Endoscopic Removal of Cisternal Neurocysticercal Cysts

Tooraj Gravori, M.D., Thomas Steineke, M.D., Ph.D.

Disclosures

Neurosurg Focus. 2002;12(6) 

In This Article

Clinical Material and Methods

We reviewed the medical records of three cases in which patients with symptomatic cisternal cysticercosis underwent endoscopic surgery, performed by the senior author (M.B.) at Harbor-UCLA Medical Center between January 1997 and December 2001. The patients were adults who had emigrated from Mexico to the Los Angeles area. In general, all three patients presented with progressive symptoms relating to mass effect and hydrocephalus. Each patient underwent placement of a ventriculostomy drain on admission for the treatment of hydrocephalus, and intravenous dexamethasone and antiepileptic therapy was initiated preoperatively. None received any anthelmintic agents. A summary of clinical data, neuroimaging findings, surgical management, and outcome is provided in Table 1 .

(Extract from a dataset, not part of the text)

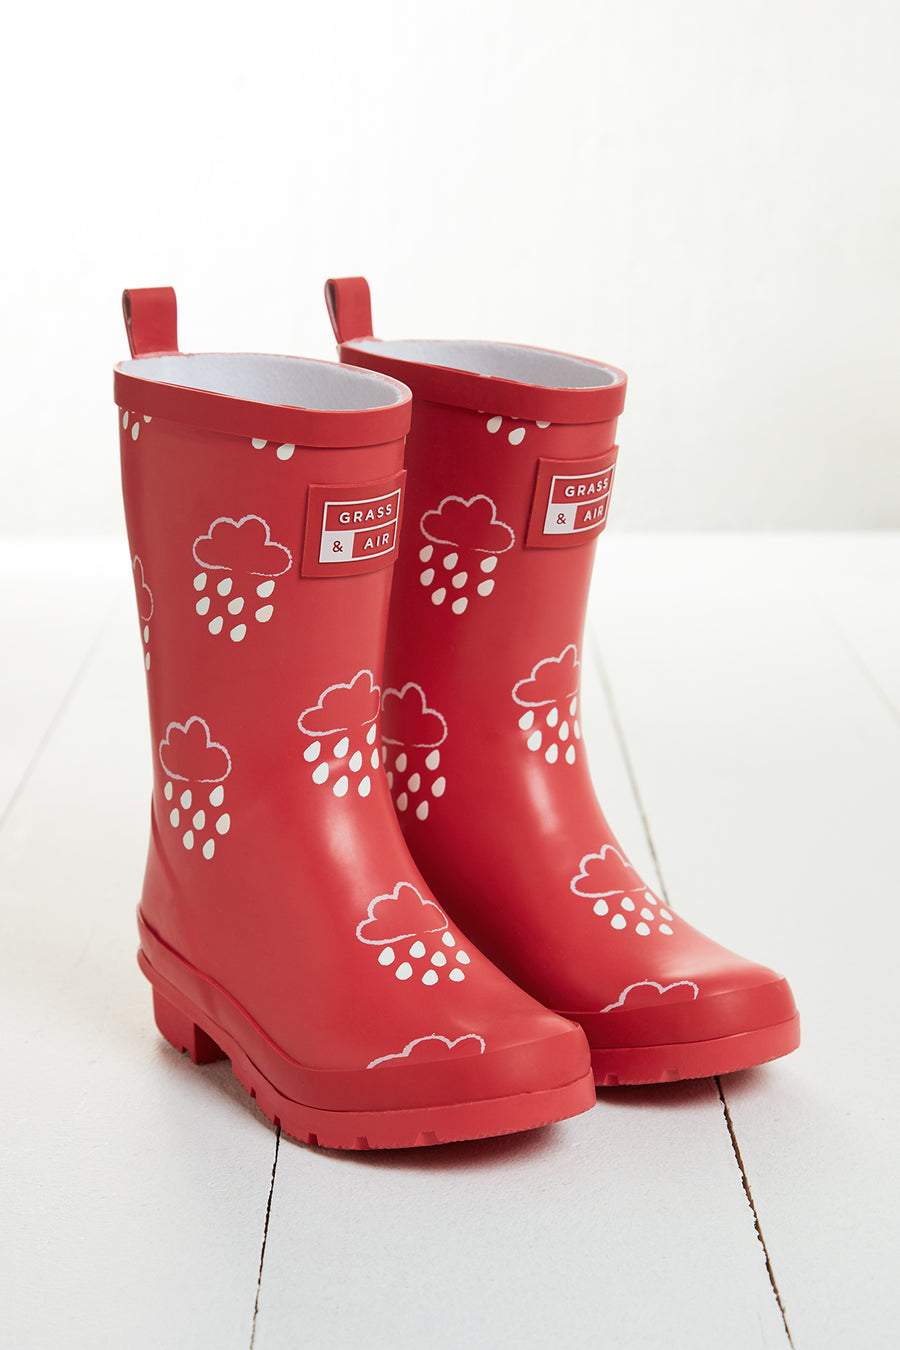 Grass and Air |Junior Wellies | Colour Changing |Dark Coral (Red)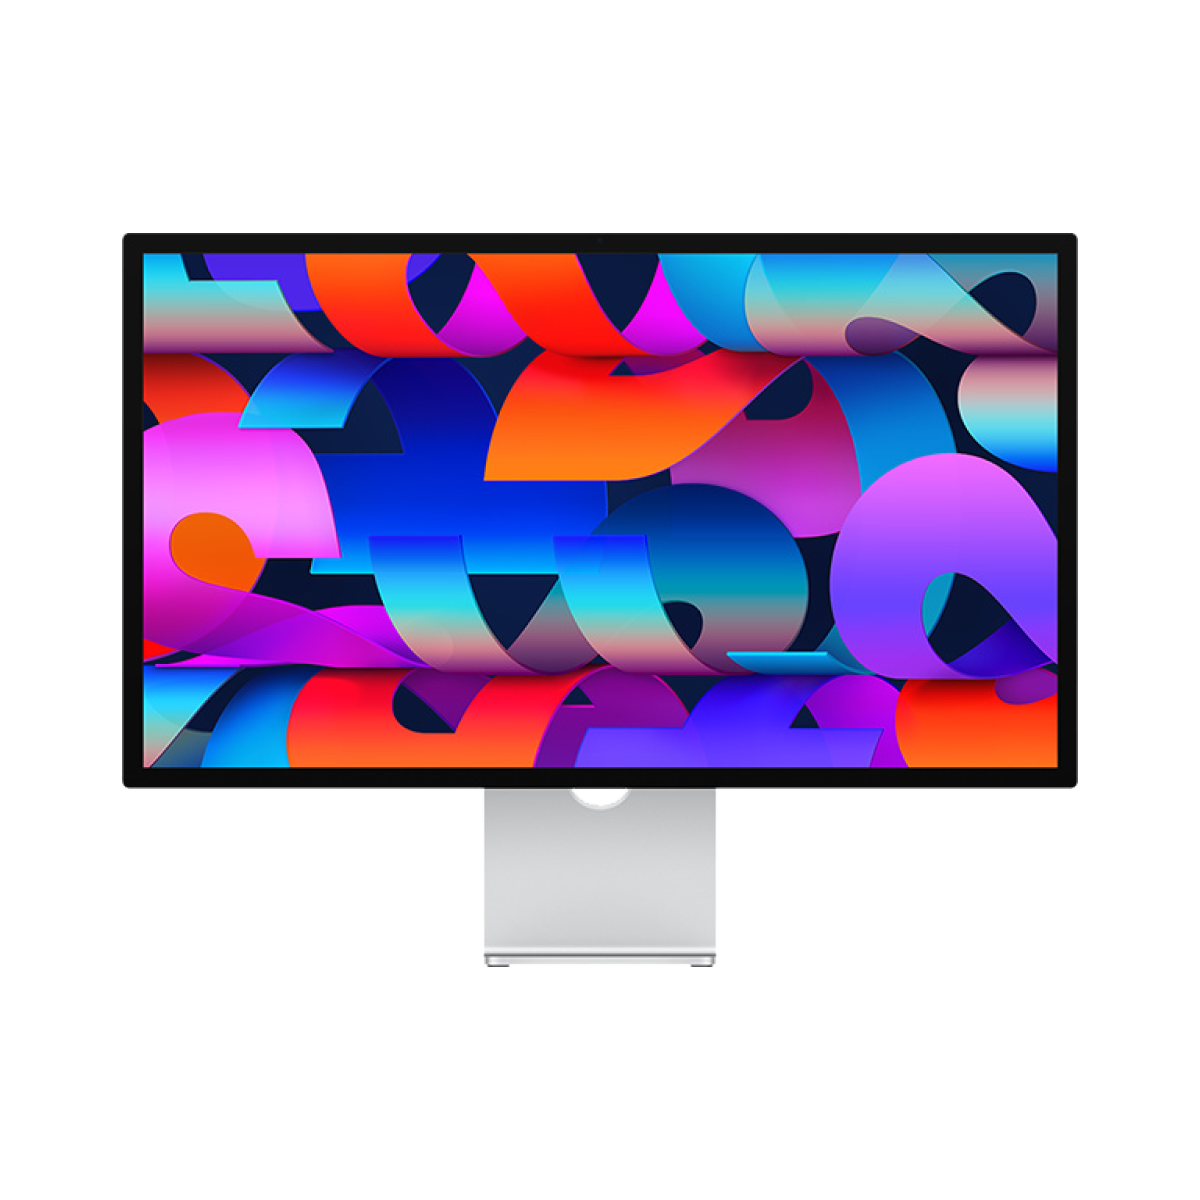 Large silver retina display monitor from Apple

In each case, the cisternal cysts were approached via a transventricular corridor (Figs. 1-3). In two cases (Cases 1 [Fig. 1] and 3 [Fig. 3], Table 1 ), cysts superior or anterior to the third ventricle were reached by perforating the overlying septum pellucidum (Videos 1 and 3). In the patient in Case 2 (Video 2), the quadrigeminal cistern was entered by opening the extended trigone ependyma. Once within the cistern, the NCC cysts were easily identified. Both flexible-and rigid-lens endoscopes were used. All cysts were ruptured in the process of resection. The cystic yellowish content and scolex were evacuated. The cyst wall was resected using a micrograsper that extended through the working port of the endoscope.

Case 1. Axial T1-weighted MR images (left and center) demonstrating nonenhancing interhemispheric and left premesencephalic cysts. Midsagittal T1-weighted MR image demonstrating the extent of the NCC cyst.

Case 2. Postventriculostomy CT scans revealing a right quadrigeminal cyst that extends into the atrium of the right lateral ventricle.

Case 3. Left and Center: Axial MR images with and without gadolinium demonstrating a ring-enhancing lesion at the foramen of Monro. Right: Postgadolinium coronal MR image was better at demonstrating the cyst localized to the third ventricular vellum.

In two patients (Cases 1 and 2), multiple thin-walled, ballottable cysts were encountered. The cysts were torn when a transendoscopic instrument was used to grasp them. This allowed evacuation of the largest cysts and subtotal removal of a few of the smaller cysts that had been inaccessible. In Case 1, small cysts encountered behind (from the endoscopic perspective) the anterior cerebral vessels could not be completely removed. As with intraventricular cysts[8,9] the lesions were removed by withdrawing the endoscope instead of attempting to pull the cyst through the small instrumentation channel of the endoscope.

In Case 3, the cyst within the velum interpositum (tela choroidea of the third ventricle) (Video 3) was approached using two frontal burr holes for a two-port technique. Unlike the other two cases, this cyst showed a thick ring enhancement on gadolinium-enhanced MR imaging. A rigid-lens 30 angled endoscope was passed through one port and standard microsurgical instrumentation passed through a No. 14 F peel-away sheath via the other port. The cyst was quite thick walled, which allowed for gross-total removal.

No surgery-related complications resulting from endoscopic resection occurred. In the event of minor bleeding, continuous irrigation was effective in achieving hemostasis within minutes. In two of three patients (Cases 1 and 3), VP shunts were inserted. In one patient, who was returned to the operating room after resolution of meningitis, a CSF shunt was placed after he could not be weaned from external drainage. Based on the findings of CSF within the fourth ventricle and cisterna magna, a CSF shunt was placed in the other patient (Case 2).